• Material provided:
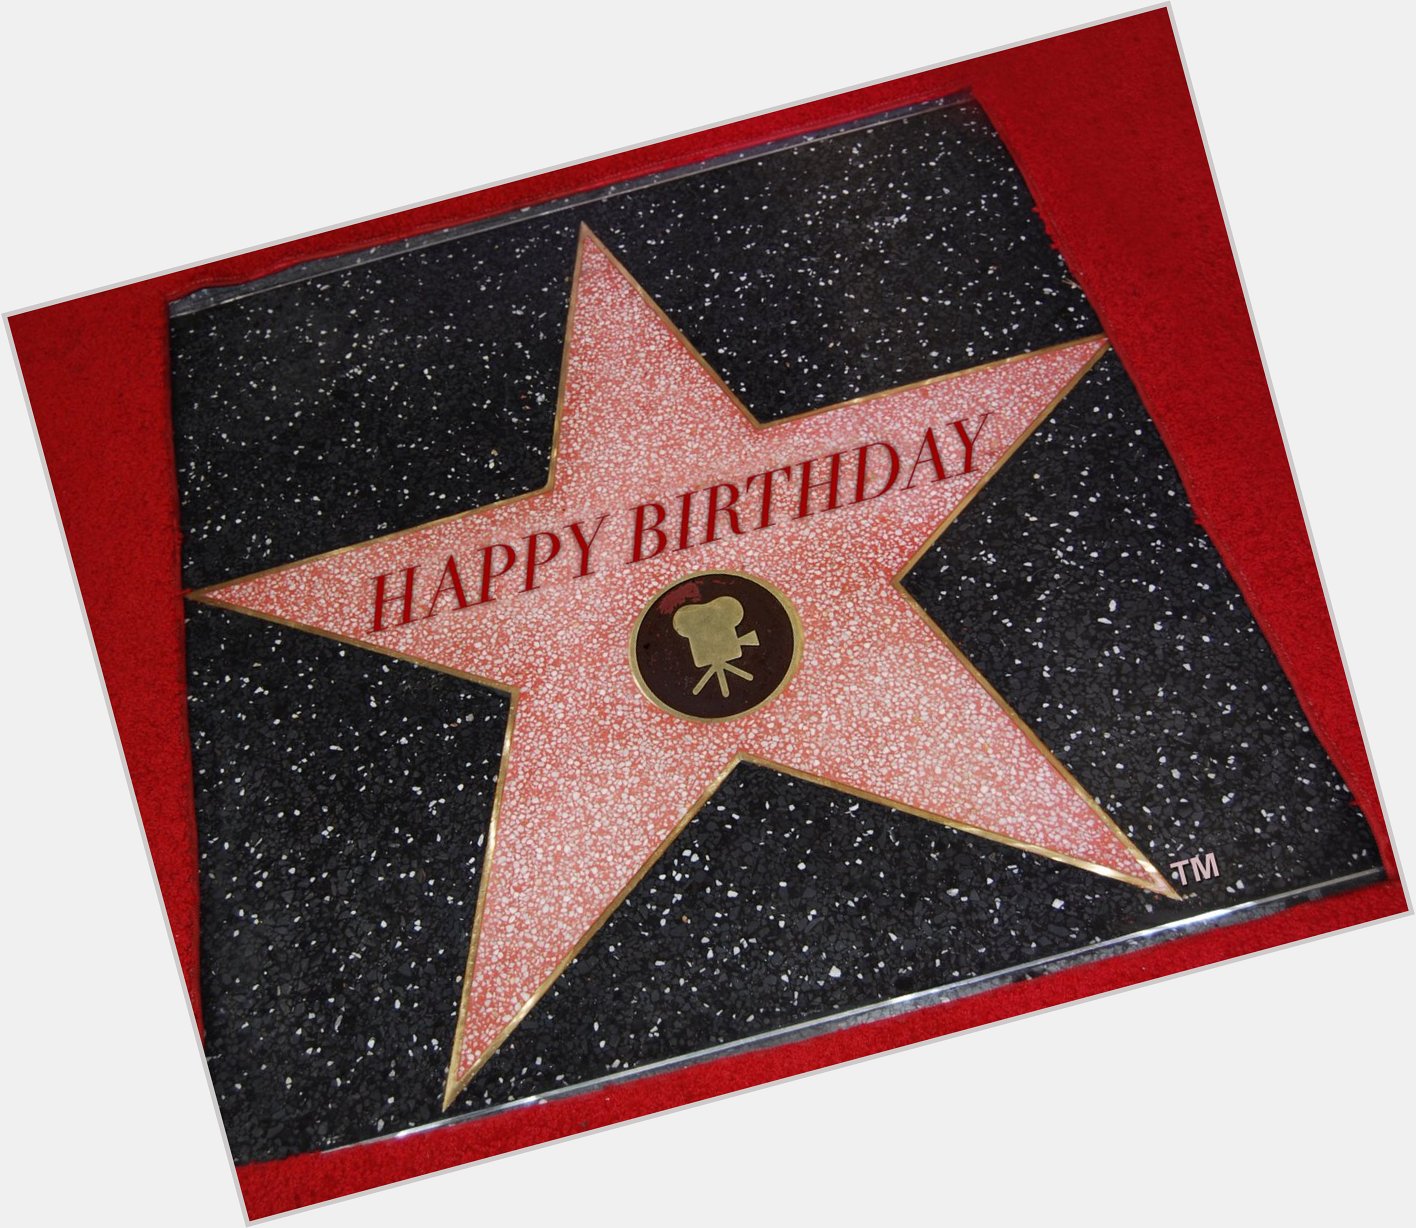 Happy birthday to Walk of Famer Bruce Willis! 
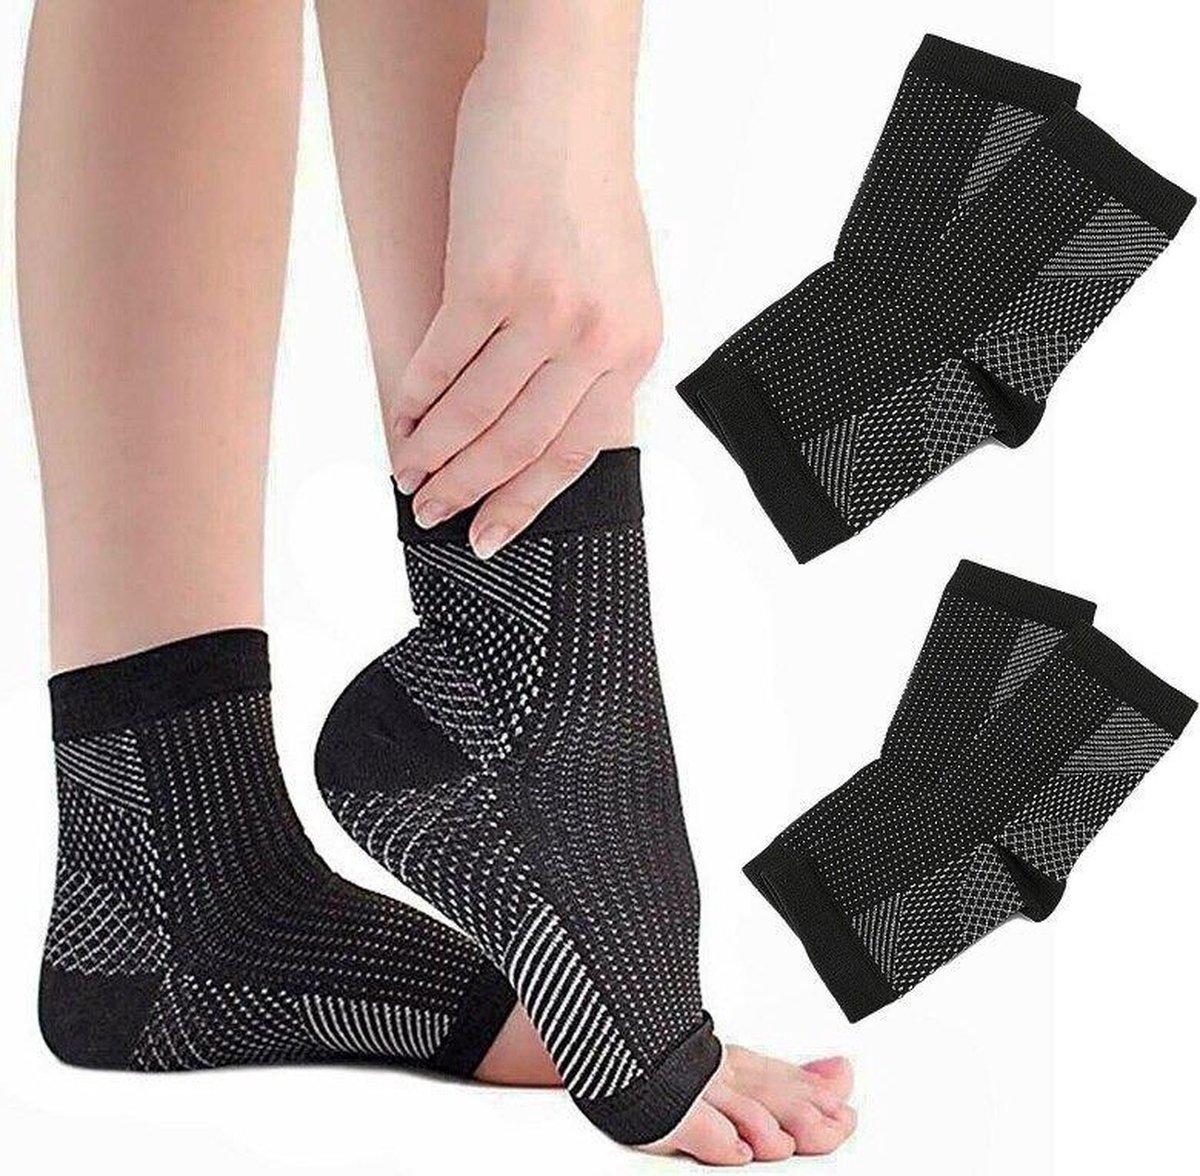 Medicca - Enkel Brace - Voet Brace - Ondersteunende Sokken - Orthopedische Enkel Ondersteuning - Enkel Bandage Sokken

...

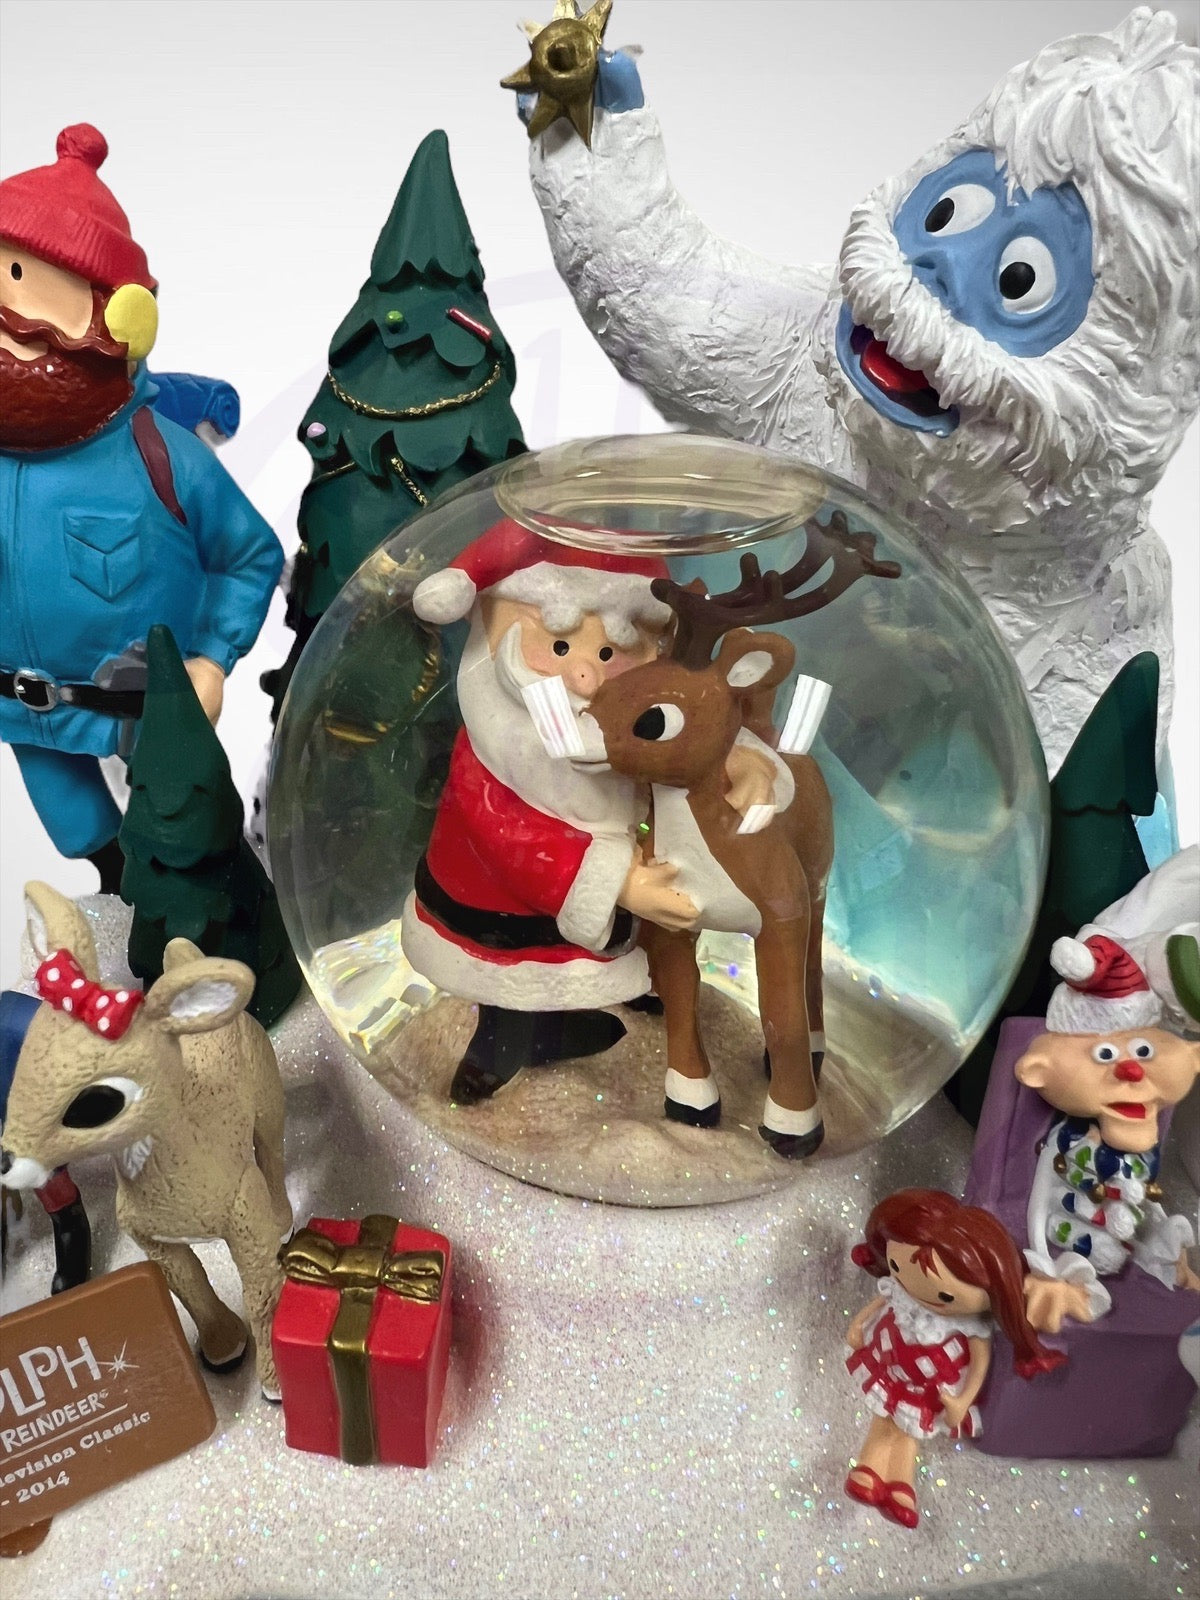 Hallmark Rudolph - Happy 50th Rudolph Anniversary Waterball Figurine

• Activity: Nothing but the lines above from the line with "Happy birthday to" up to and including the line with "Medicca - Enkel" should be returned, exactly as written and without pictures.

• Result of this exercise:
 Happy birthday to Walk of Famer Bruce Willis! 
 Medicca - Enkel Brace - Voet Brace - Ondersteunende Sokken - Orthopedische Enkel Ondersteuning - Enkel Bandage Sokken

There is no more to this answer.